For example, I was surprised that there doesn’t seem to be any plan to try to rearchitect the middle tier in conjunction with the move to Aurelia. Acumatica still has a pretty “thick client” approach to its stack, even though it is moving to adopt modern tools like Aurelia. Back in the bad old days of early .NET (remember code behinds?), it wasn’t really an option to asynchronously load the front end. You had to have all your data objects ready for presentation when the front end loaded. With modern asynchronous javascript, this is no longer the case, and so I think it is a missed opportunity to spend all the time to reskin the front end without focusing on the performance advantages that could also be gained by rejiggering the middle tier of the software.

Just as an example, I have been doing some performance profiling in Sql Server when the site loads in the morning from a cold start. This morning, running on a decently powerful local server with a local connection to SQL Server running on its own dedicated server, the time for the site to load was 181 seconds. That was the time from when the login page was requested, to when the login page was presented. If you read these forums, this is par for the course.

I have thrown way more powerful sever configurations at Acumatica (i.e. $20k/month Windows Server + RDS configs with tier 1 isolated SSD, etc), and it barely moves the needle with regards to these issues. in other words, this has nothing to do with hardware and everything to do with what’s happening on the backend of the software.

If you run SQL Server Profiler, you can see that a lot of the startup time has to do with loading Acumatica’s cache with site specific information (Acumatica can have multi-tenant on the same database), and loading this into memory in preparation for login. However, wiih some clever code, we could probably make this load time 5 seconds. All we would have to do is be more intelligent about when we load up the cache and expire it. If we see that user activity always drops off at 11PM, and almost never starts back up until 6am, then the cache should be fully loaded and ready for login at 6am. This is just one example of how, without even implementing any changes to the stack, the login page load itme could be cut to seconds from minutes for all users from a cold start.

There are probably hundreds or thousands of optimizations like this that could dramatically improve the performance of the software, and some which probably wouldn’t really require all that much effort at all. But someone needs to be in charge of pushing back against just pure feature innovation, with a focus on the feature vs. perfornance tradeoff. So I would strongly recommend that Acumatica consider putting someone (ideally a developer with performance tuning background), in charge of pushing the envelope for performance in the product.

Hello @rosenjon we have a dedicated team specifically working on performance improvements


Hi @Dmitrii Naumov -

I think that my frustration is that it shouldn’t take 3 minutes for the site to load in the morning. There have been discussion on here about similar issues (i.e. time to load after recompiling code), which is in effect caused by the same issues of reloading the cache.
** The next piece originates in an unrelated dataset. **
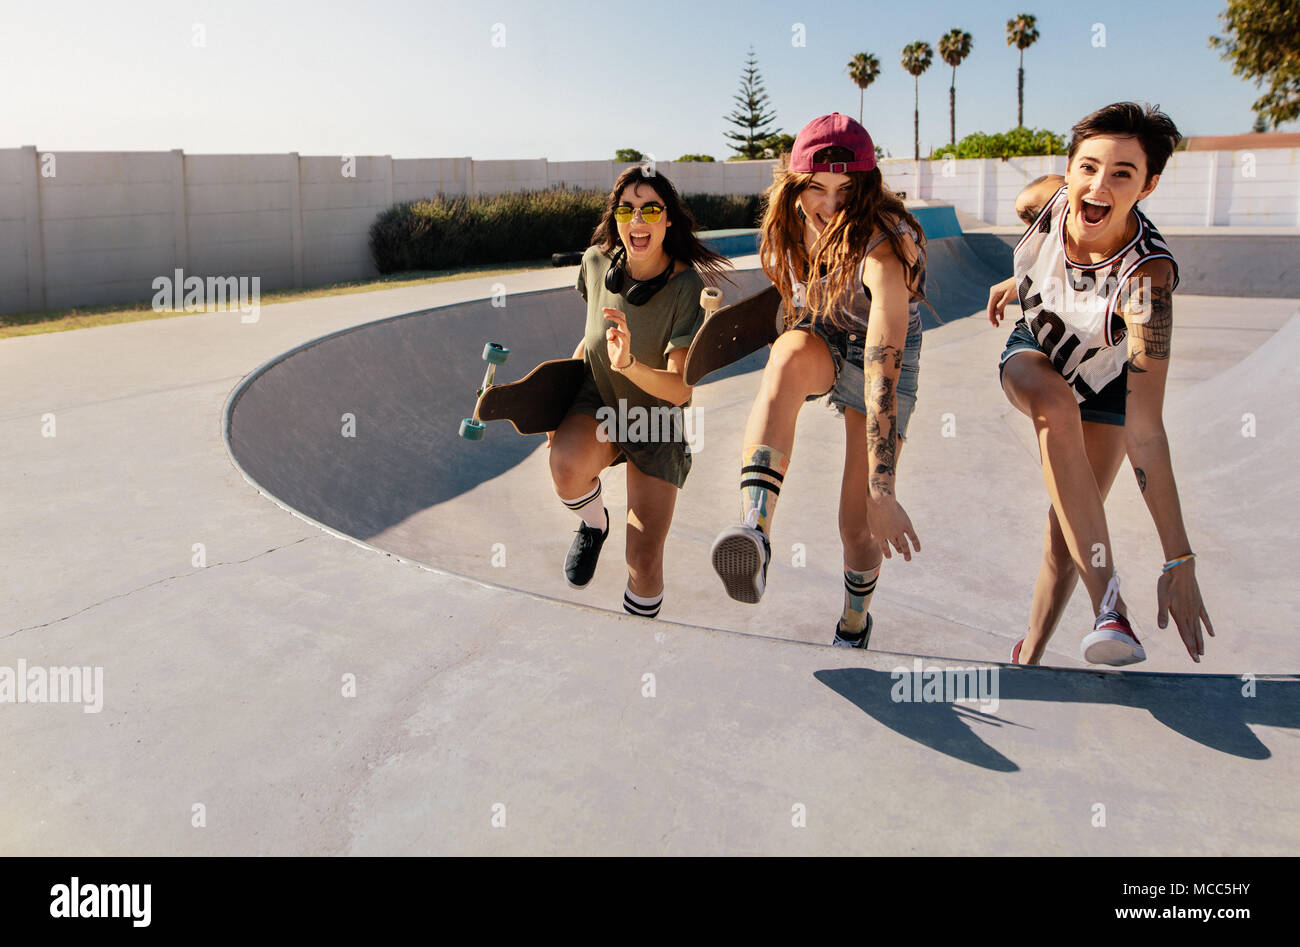 Laughing women climbing a skateboard ramp. Group of girls having a great  time at skate park Stock Photo - Alamy

It seems to me that with better predictive tools (I used the example of the cache being expired in the morning, but there are a ton of other more subtle versions of this baked into the software), you could improve performance a lot by anticipating when data will be needed and pre-caching that in a more intelligent way.

Ultimatley, it would be better to move to client/server model that is more dependent on ligthweight asynchronous data requests and less on monolithic caching (perhaps Aurelia can open the door to some of this). Perhaps it would also be nice if the Acumatica team could share what kind of performance improvements are being made, and also focus on some of these longstanding performance issues and how they might be solved.

 

Thanks,

 

Jonathan


@Mark Franks  that could be a good topic for Coffee&Code, to share what we are doing on the performance optimization side


@stevenhouglum we should have a session on this topic.